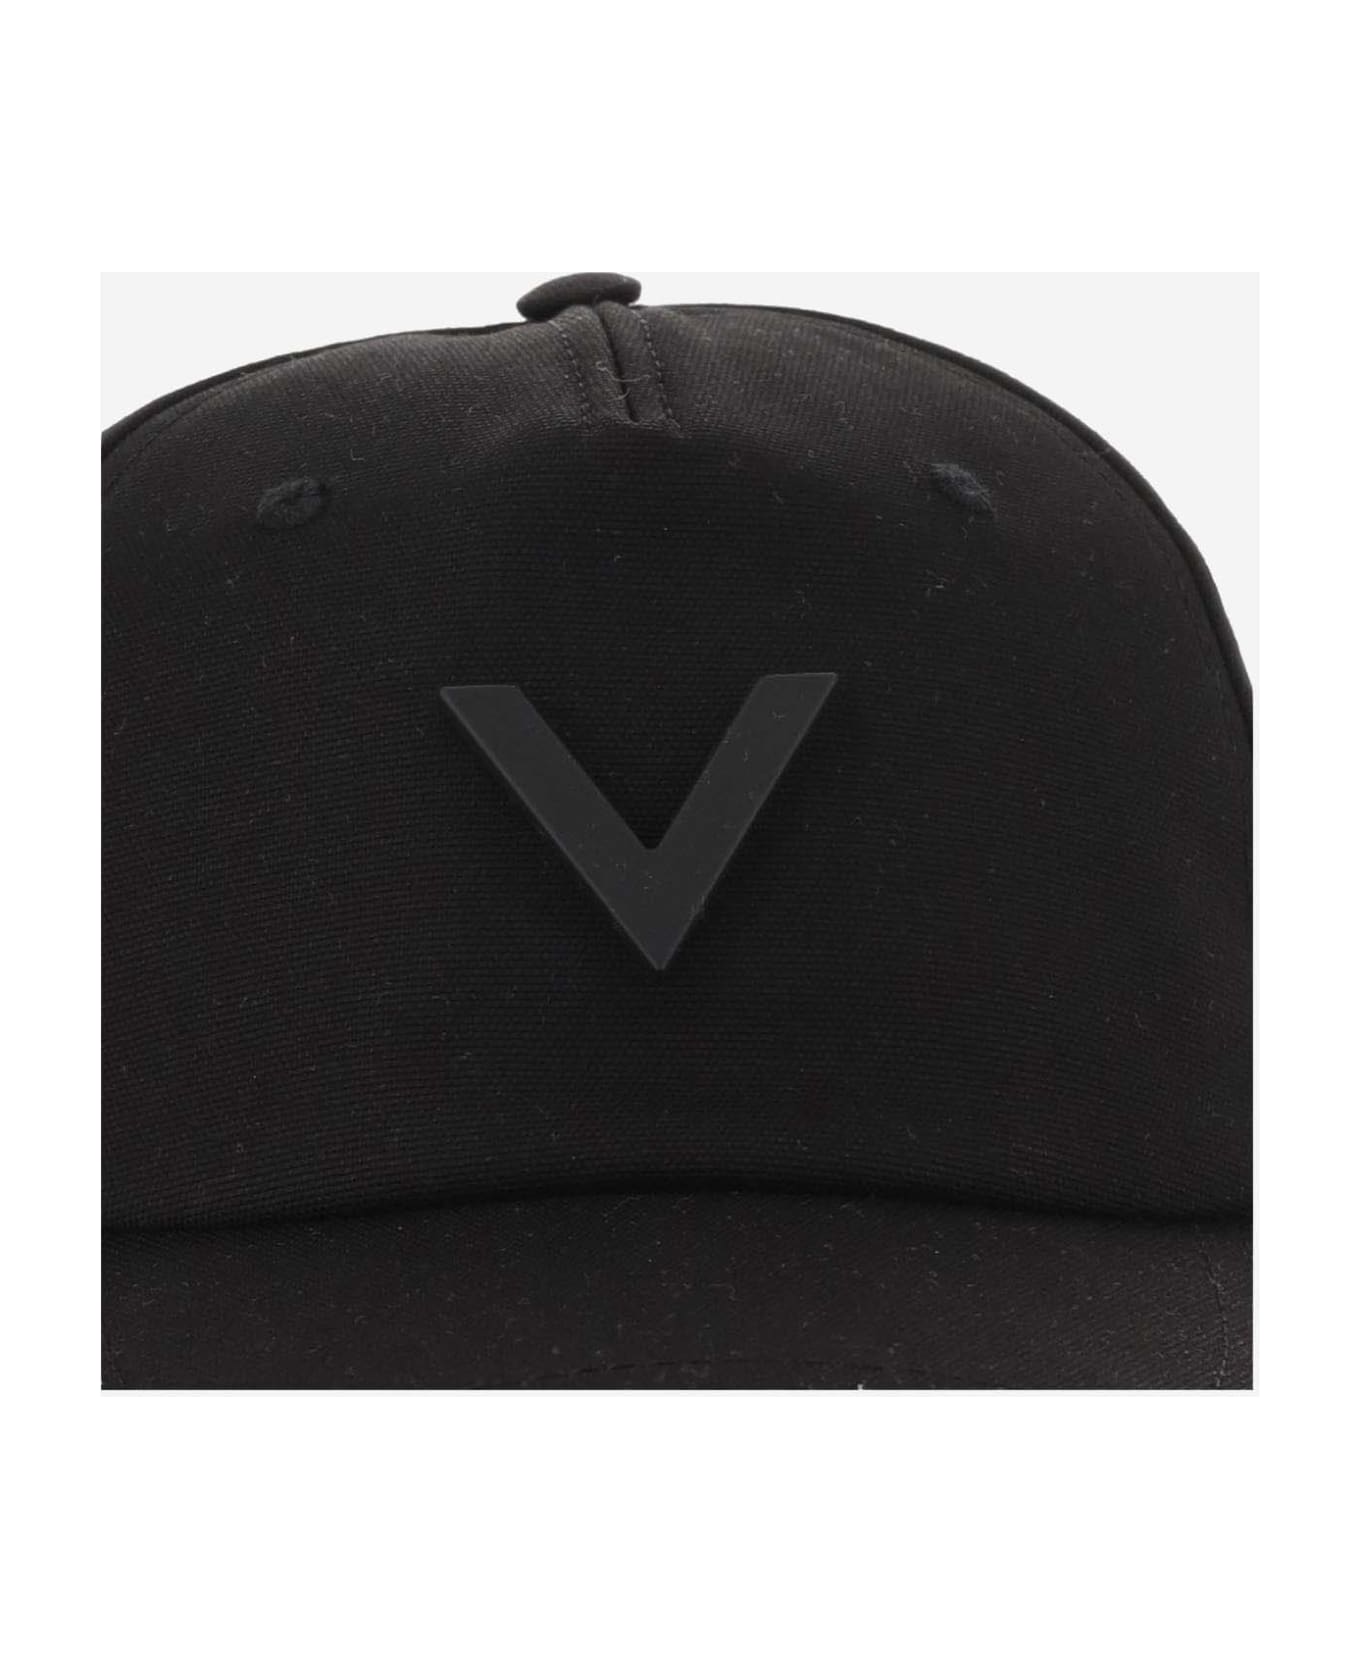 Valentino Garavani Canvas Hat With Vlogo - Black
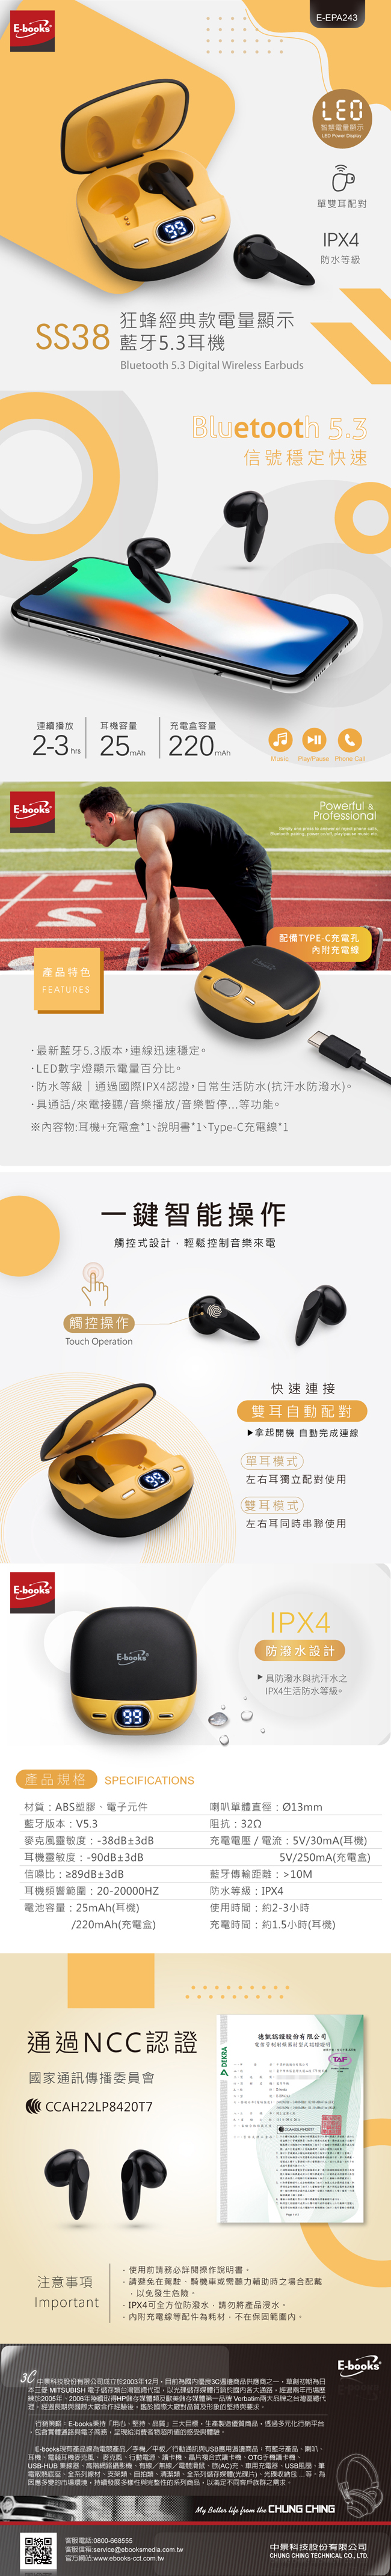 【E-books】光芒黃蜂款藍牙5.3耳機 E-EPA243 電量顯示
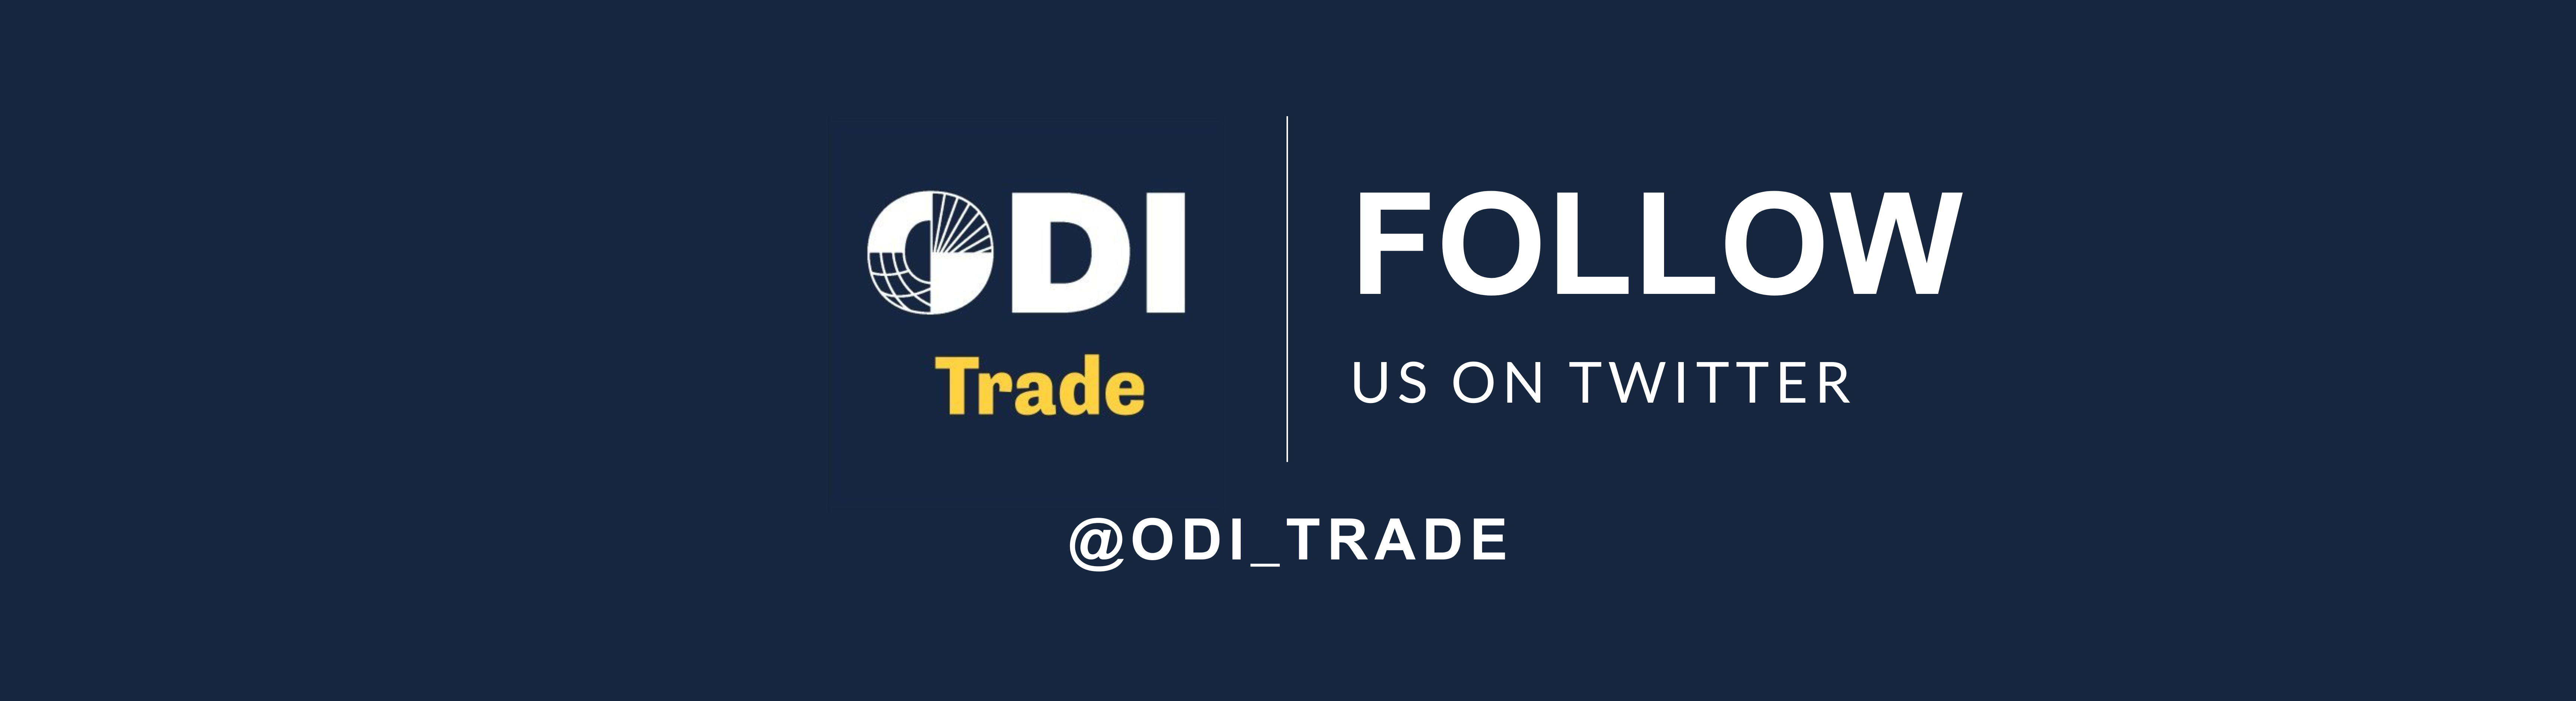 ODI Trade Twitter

* * * * * * * * *

Prompt:
The output is the data above, repeated exactly, with pictures omitted.

Problem solution:
 Valentino Garavani Canvas Hat With Vlogo - Black
 【E-books】光芒黃蜂款藍牙5.3耳機 E-EPA243 電量顯示
 ODI Trade Twitter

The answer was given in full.